Sabah erken kalkıp dolaşmaya çıktım. Antalya belli oranda
emekli kenti ama trafik yine yoğundu. Herkes işine gidiyordu. Bazı kavşaklarda
sıkışmalar olmuş ve kornalar ve kızan mahalle köpeklerinin havlamaları vardı.
Bazı market ve pastane önlerinde çift sıra durmuş araçlardan
da trafik akışı ancak tek sıra olmuş. AVM’lerin önlerine ürün indiren kasalı
kamyonetler de ayrıca tıkanıklığa sebep olmuş. Araçların kırmızı ışıkta
beklemelerini fırsat bilen, mendil, su satanlar veya 1 T.L isteyenler araçlar
arasında dolanıp duruyor. Kocaman çuvalları ile ardarda atık toplayıcılar ise
sürücüleri zor durumda bırakıyor. Belediyelerin çöp toplama kamyonlarına denk
gelirseniz bir 10 dakika daha beklemek zorundasınız.
Tabi yayalara yol verme durumu da var. Kırmızı ışık olsun
olmasın, bizim bazı dikkatsiz veya dalgın yayalar, yola atlayıveriyor. Telefonla
konuşarak caddeye inip karşıdan karşıya geçen de var. Ani firen yapsanız
arkadan gelen mesafe korumasını öğrenememiş sürücülerin çarpma riski hep var.
Gezerken, halkın yoğun olarak gezip vakit geçirdiği
caddelere, trafiğe kapalı yolları da gezdim. Sabah saati de olsa banklarda boş
oturanlar, aylak aylak gezinenler oldukça fazlaydı. Kalabalıklara dikkat ettim,
alışveriş yapan yoktu. Esnaf kapılara
çıkmış dikiliyordu. Neredeyse gözüne kestirdiklerini kollarından tutup mağaza
içine sokmak için hamle yapacaklar. En kalabalık alış veriş, simitçi tezgâhlarındaydı.
Simit’i alan yakınlarda buldukları çay ocağında oturup aldıkları simitleri çayla
yiyordu. Tabii bu aşamada simitli sohbetler de oluyor. Ekonomiden şikayet,
yetmeyen gelirlerine çare bulmak için fikir alışverişi, emeklilik
yaşantısındaki mağduriyet sohbeti ve işsizlerin serzenişleri.
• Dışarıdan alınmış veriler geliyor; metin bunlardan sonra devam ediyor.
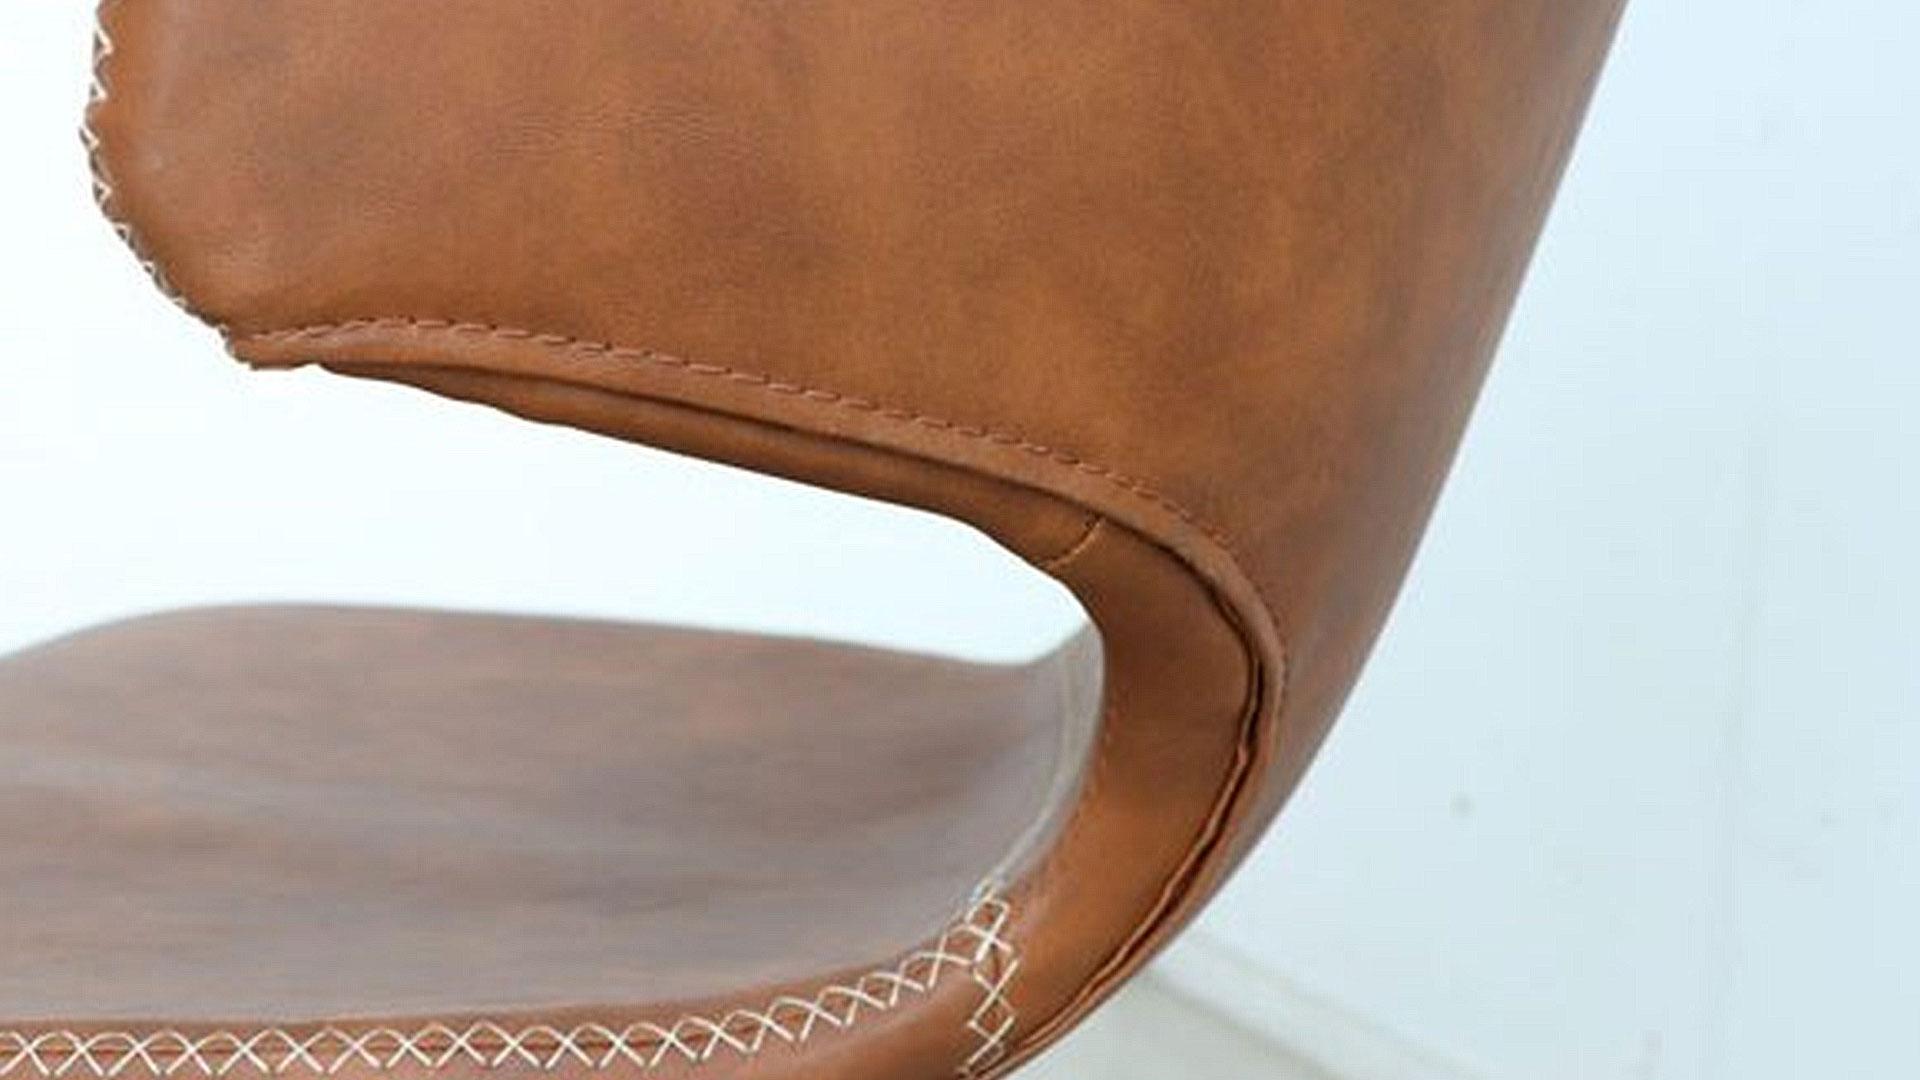 回転チェアのアーマーの曲線が綺麗な座面
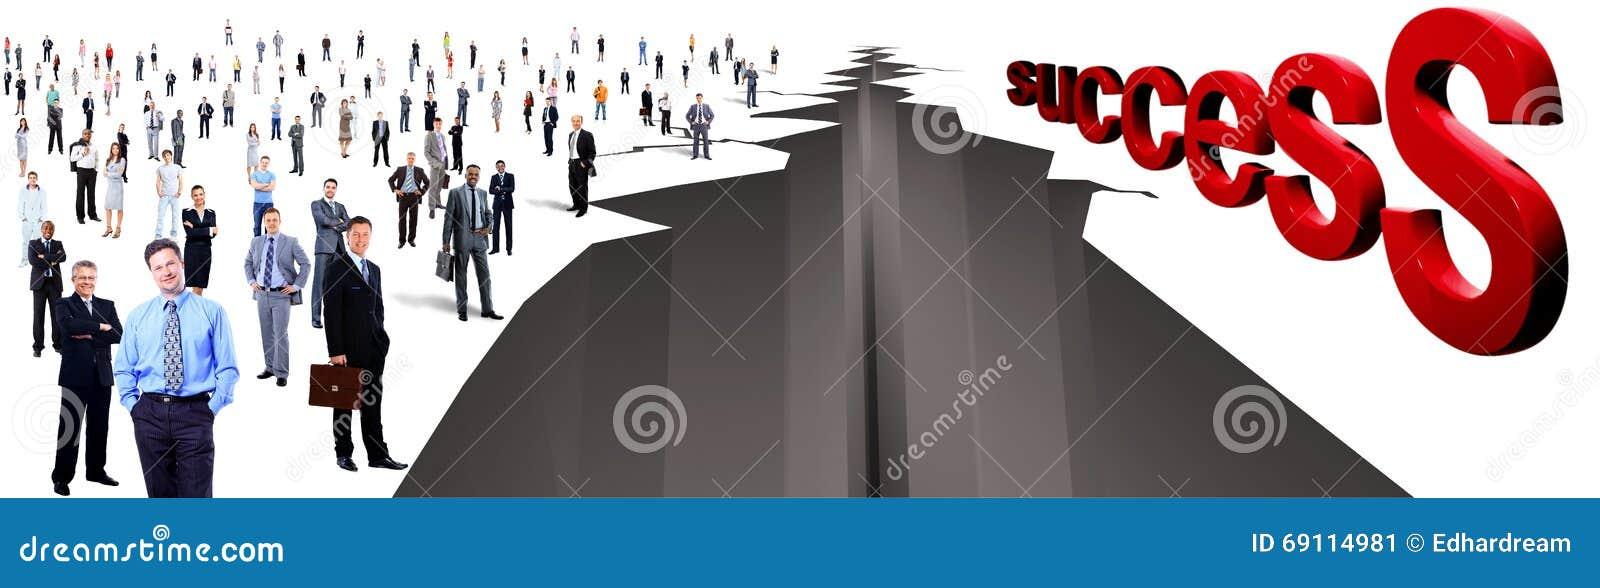 Gap μεταξύ δύο μεγάλης ομάδας ανθρώπων

Gezmeyi sürdürdüm ve öğleye doğru ara sokaklara girdim.
Birçok ara sokakta kıraathaneler var ve hepsi dolmaya başlamış. Bazı
kıraathanelerde gazeteler vardı ve az da olsa bedava buldukları gazeteyi
okuyanlar vardı. Kıraathanede oturanlardan ve de yoldan geçenlerden para talep
eden çok sayıda genç ve naçar kalmış yaşlı gördüm. Bazılarının utanarak para
istediğine şahit olsam da bazıları sanki geçim yolunu bu şekilde bulmuş
gibiydi.
Her ne şekilde olursa olsun, insanların yokluk boyutu göze
çarpar olmuş. Sokak röportajı yapanlara rastladım, durup dinledim. Mikrofonu
kamerayı gören, belki sesimi duyan olur diye sıraya giriyor. Neler neler
söylüyorlar. Her konuşandan film senaryosu bile çıkar. Bazıları, şartların çok
kötü olmadığından, hükümetin iyi şeyler yaptığından bahsetmeye kalkıyordu ama.
Kendisine karşı gelenlerin tepkiler artınca, başına bir hal gelecek korkusuyla
uzaklaşıyorlardı. Sokakta konuşanlar maskeli olduklarından daha cesur laflar
ediyor. Şikâyetlerini dile getirirken, tanınamayacaklarını düşünerek beddua
edip yöneticilere verip veriştiriyor. Aralarında çiftçi de var, iflas etmiş
esnaf da var. En cesurca eleştiri yapıp konuşanlar, bayanlar. Yerden göğe kadar
haklılar. Tencereyi kaynatıp sofrayı kurduklarından, pazara kıt bütçeyle çıkıp
her şeyi alamadıklarından, herkes onlara hak veriyor.
Daha fazla strese girmemek için gezmeyi bıraktım. Hemen
büroma gidip iki aspirin aldım, kapımı kapatıp düşünceye daldım. Türkiye’den
dış ülkelere gitmek düşüncesinde olan gençleri düşündüm.